Threads vs Processes

Thu Jul 27 23:53:54 EDT 2006

It seems that both ways are here to stay. If one was so much inferior
and problem-prone, we won't be talking about it now, it would have been
forgotten on the same shelf with a stack of punch cards.

The rule of thumb is 'the right tool for the right job.'

Threading model is very useful for long CPU-bound processing, as it can
potentially take advantage of multiple CPUs/Cores (alas not in Python
now because of GIL). The events will not work as well here. But note,
if there is not much sharing of resources between threads processes
could be used! It turns out that there are very few cases where threads
are simply indispensable.

The event model is usually well suited for I/O or for any large number
of shared resources occurs that would require lots of synchronizations
if threads would be used.

DBMS' are not a good example of typical large, so 'saying see DBMS use
threads -- therefore threads are better' doesn't make a good example.
DBMS are highly optimized, only a few of them actually manage to
successfully take advantage of the multiple execution units. One could
as well cite a hundred of other projects and say 'see it uses an event
model -- therefore event models are better' and so on. Again "right
tool for the right job". A good programmer should know both...

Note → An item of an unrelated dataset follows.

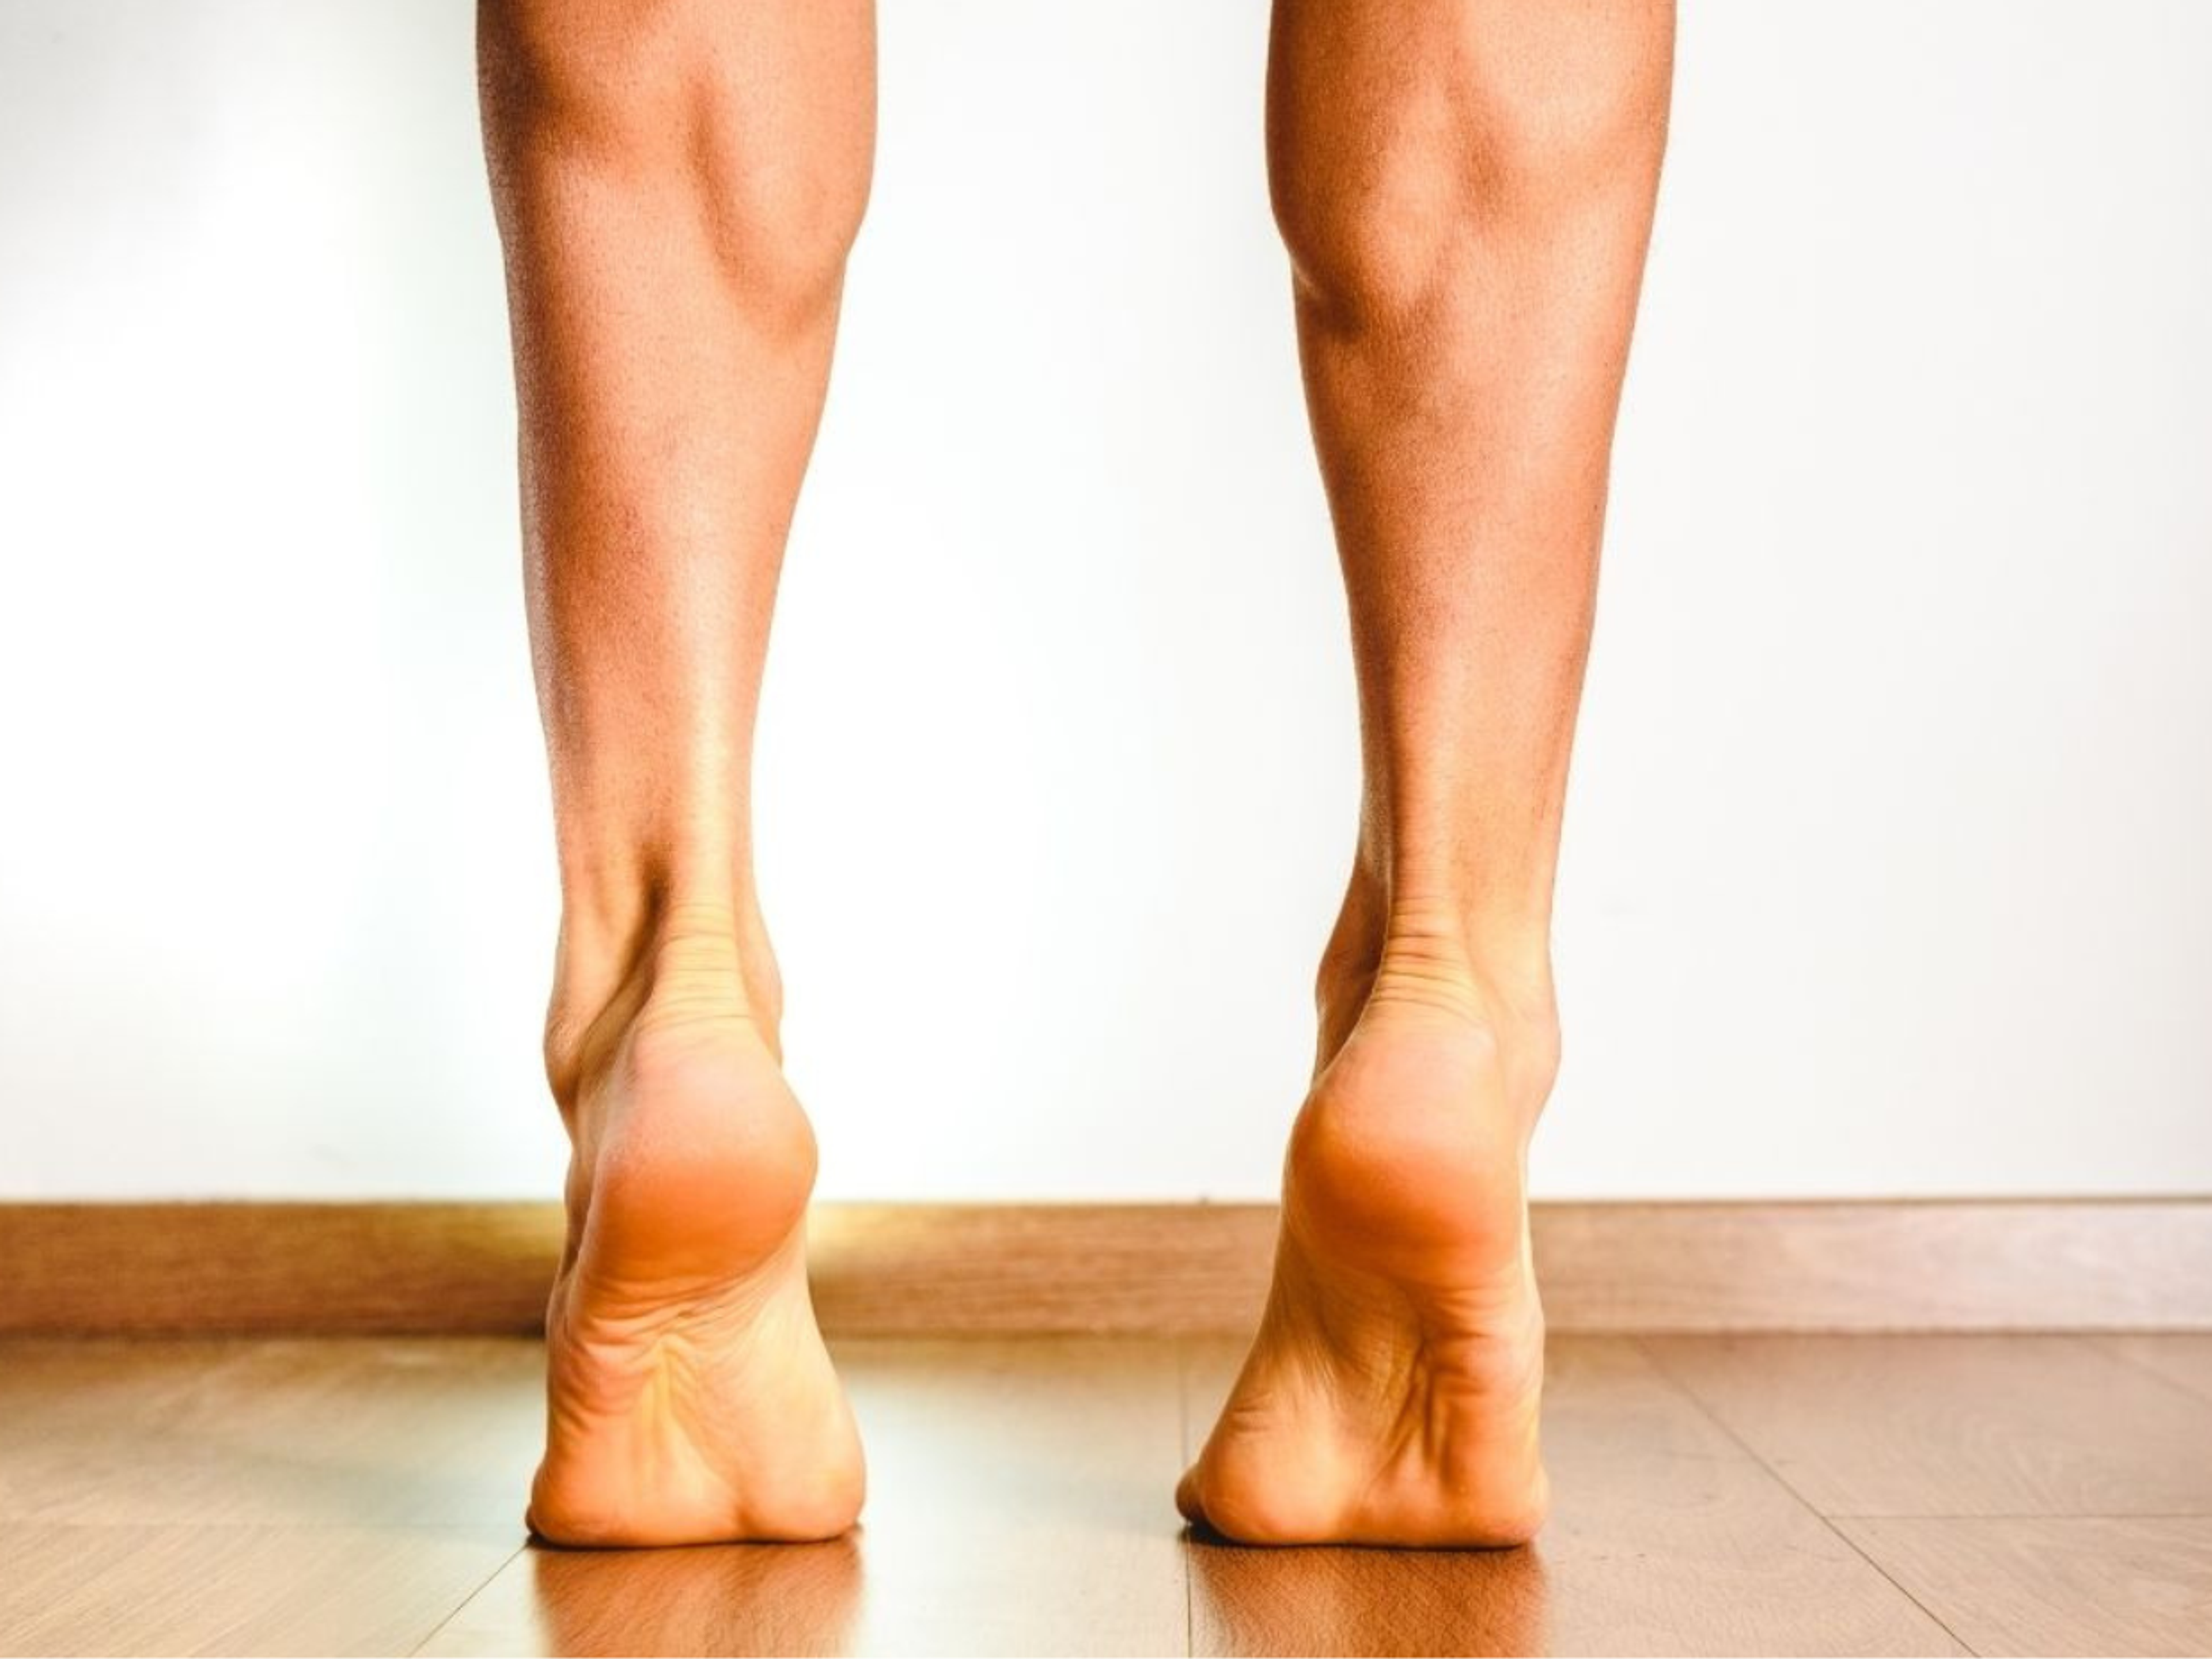 Fersenheben ist eine gute Übung zur Stärkung der Plantarfaszie, die gegen Fußschmerzen hilft

> And consequently, to use Twisted you rewrite all your code as
> those 'deferred' things.
>
Then, try re-writing Twisted using threads in the same number of lines
having the same or better performance.  I bet you'll end up having a
whole bunch of 'locks', 'waits' and 'notify's instead of a bunch of
"those 'deferred' things." Debugging all those threads should be a
project in an of itself.

-Nick

bryanjugglercryptographer at yahoo.com wrote:
> mark wrote:
> > The debate should not be about "threads vs processes", it should be
> > about "threads vs events".
>
> We are so lucky as to have both debates.
>
> > Dr. John Ousterhout (creator of Tcl,
> > Professor of Comp Sci at UC Berkeley, etc), started a famous debate
> > about this 10 years ago with the following simple presentation.
> >
> > http://home.pacbell.net/ouster/threads.pdf
>
> The Ousterhout school finds multiple lines of execution
> unmanageable, while the Tannenbaum school finds asynchronous I/O
> unmanageable.
>
> What's so hard about single-line-of-control (SLOC) event-driven
> programming? You can't call anything that might block. You have to
> initiate the operation, store all the state you'll need in order
> to pick up where you left off, then return all the way back to the
> event dispatcher.
>
> > That sentiment has largely been ignored and thread usage dominates but,
> > if you have been programming for as long as I have, and have used both
> > thread based architectures AND event/reactor/callback based
> > architectures, then that simple presentation above should ring very
> > true. Problem is, young people merely equate newer == better.
>
> Newer? They're both old as the trees. That can't be why the whiz
> kids like them. Threads and process rule because of their success.
>
> > On large systems and over time, thread based architectures often tend
> > towards chaos.
>
> While large SLOC event-driven systems surely tend to chaos. Why?
> Because they *must* be structured around where blocking operations
> can happen, and that is not the structure anyone would choose for
> clarity, maintainability and general chaos avoidance.
>
> Even the simplest of modular structures, the procedure, gets
> broken. Whether you can encapsulate a sequence of operations in a
> procedure depends upon whether it might need to do an operation
> that could block.
>
> Going farther, consider writing a class supporting overriding of
> some method. Easy; we Pythoneers do it all the time; that's what
> O.O. inheritance is all about. Now what if the subclass's version
> of the method needs to look up external data, and thus might
> block? How does a method override arrange for the call chain to
> return all the way back to the event loop, and to and pick up
> again with the same call chain when the I/O comes in?
>
> > I have seen a few thread based systems where the
> > programmers become so frustrated with subtle timing issues etc, and they
> > eventually overlay so many mutexes etc, that the implementation becomes
> > single threaded in practice anyhow(!), and very inefficient.
>
> While we simply do not see systems as complex as modern DBMS's
> written in the SLOC event-driven style.
>
> > BTW, I am fairly new to python but I have seen that the python Twisted
> > framework is a good example of the event/reactor design alternative to
> > threads. See
> >
> > http://twistedmatrix.com/projects/core/documentation/howto/async.html .
>
> And consequently, to use Twisted you rewrite all your code as
> those 'deferred' things.
> 
> 
> -- 
> --Bryan